If You Need a Highly Concealable Carry Gun, a Titan Will Do

posted on August 16, 2018

This is the last of five articles about how to pick the right handgun to carry for defensive purposes. Deciding what to carry is a personal decision, but one thing you should consider is the type of situation you’ll be in. Frank Jardim chooses from one of four guns when he arms himself, explaining the advantages of each in given circumstances. You can read the other parts here.

Tanfoglio .25-Caliber GT27 Titan Semi-Automatic

Primary Use: Deep concealment hideout gun for circumstances where a larger gun can’t be carried. Small enough to slip in the front pocket of my blue jeans or a button flapped shirt pocket in hot weather.

Holster: No holster. Jacket, jeans or shirt pocket carry cocked and locked with a piece of scotch tape over the muzzle to keep any detritus from entering the barrel.

Ammunition: .25-caliber, 35 gr. Hornady XTP JHP.

Pros/Cons: This inexpensive little gun can hide virtually in my palm which means I can draw it, flip the safety off, and have it ready if I sense trouble while still keeping it out of sight.

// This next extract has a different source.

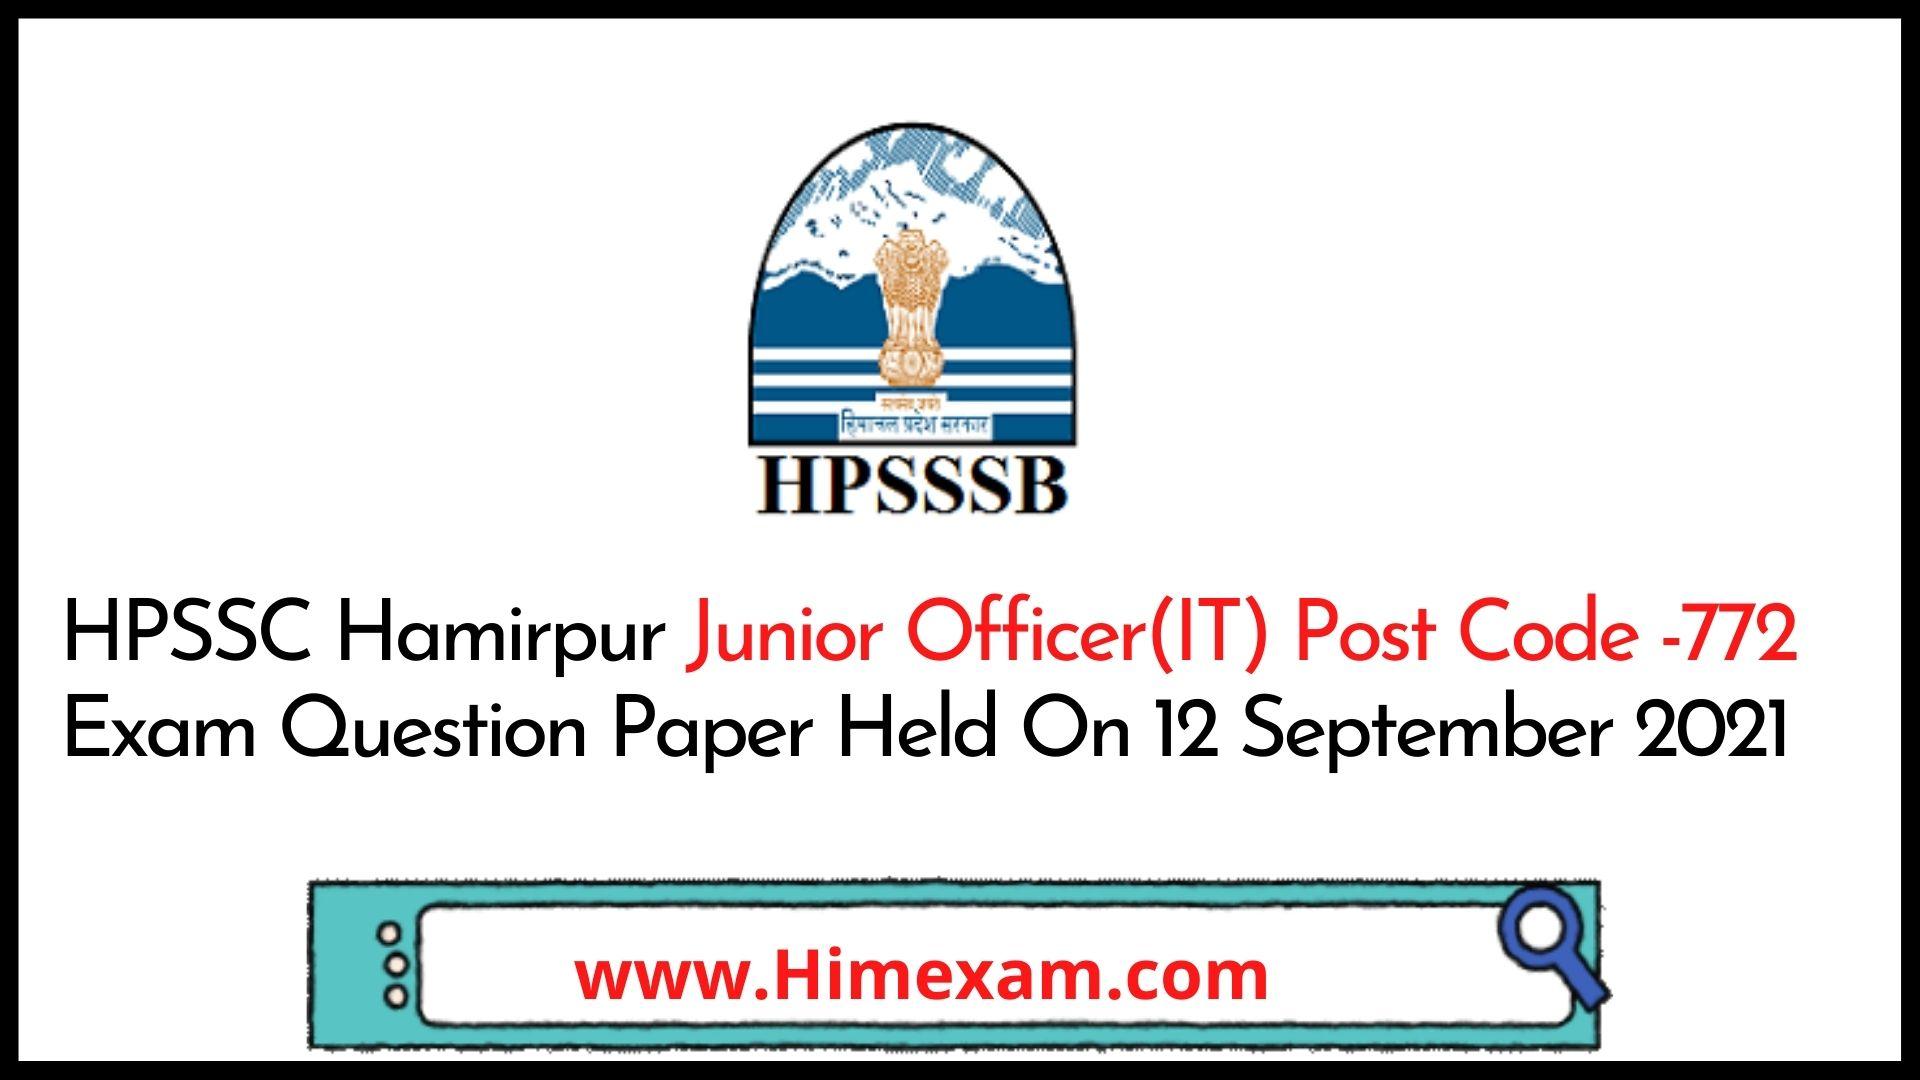 HPSSC Hamirpur Junior Officer(IT) Post Code -772 Exam Question Paper Held On 12 September 2021

The American assembled models with zinc alloy frames were marketed by FIE. My imported gun predates the Gun Control Act of 1968 and is all steel. The extra weight makes it more controllable in rapid fire. It is a very fast shooter. As a single action with a short trigger pull, it can easily deliver a belly full of lead at point-blank range (seven from the magazine and one in the chamber) in less than 2 seconds. The sights are actually fair and the nickel plate makes them easier to see in poor light. The gun is quite accurate and much easier to shoot well than a modern double action Kel-Tec. The Titans are often criticized (I suspect by people who haven’t owned one) for their reliability, but I have never had any issues with any of the several (zinc alloy or steel framed) that I have owned. Now out of production, but still commonly found on the used market. Triple K Manufacturing makes replacements magazines and grips.

The old-fashioned, European-style butt magazine release might turn some people off, but since fast reloading doesn’t figure big in my plans, I don’t consider this a drawback. More significant to me is the Titan’s small caliber. Fortunately, there are now some decent JHP loads that improve its performance but obviously accurate shot placement is more important with diminutive rounds like this. Since nobody wants to get shot with anything, this little .25 auto probably has just as much deterrent value in a confrontation as any handgun. I carry it cocked and locked with a round in the chamber. It might take just as much time to rack the slide as it does to rotate the old fashioned safety, but I can do the latter with one hand and it gives me an extra round so that is my preference.

Self-defense is, by its very nature, personal and there is no one-size-fits-all solution. A lot of experimenting over the years with guns, holsters, speedloaders and cartridges went into my decisions, and I re-evaluate my practical compromises often. I know I can’t be prepared for every threat. It would drive me crazy if I tried to be. My practical approach is to prepare for the most likely threats that I can realistically deal with.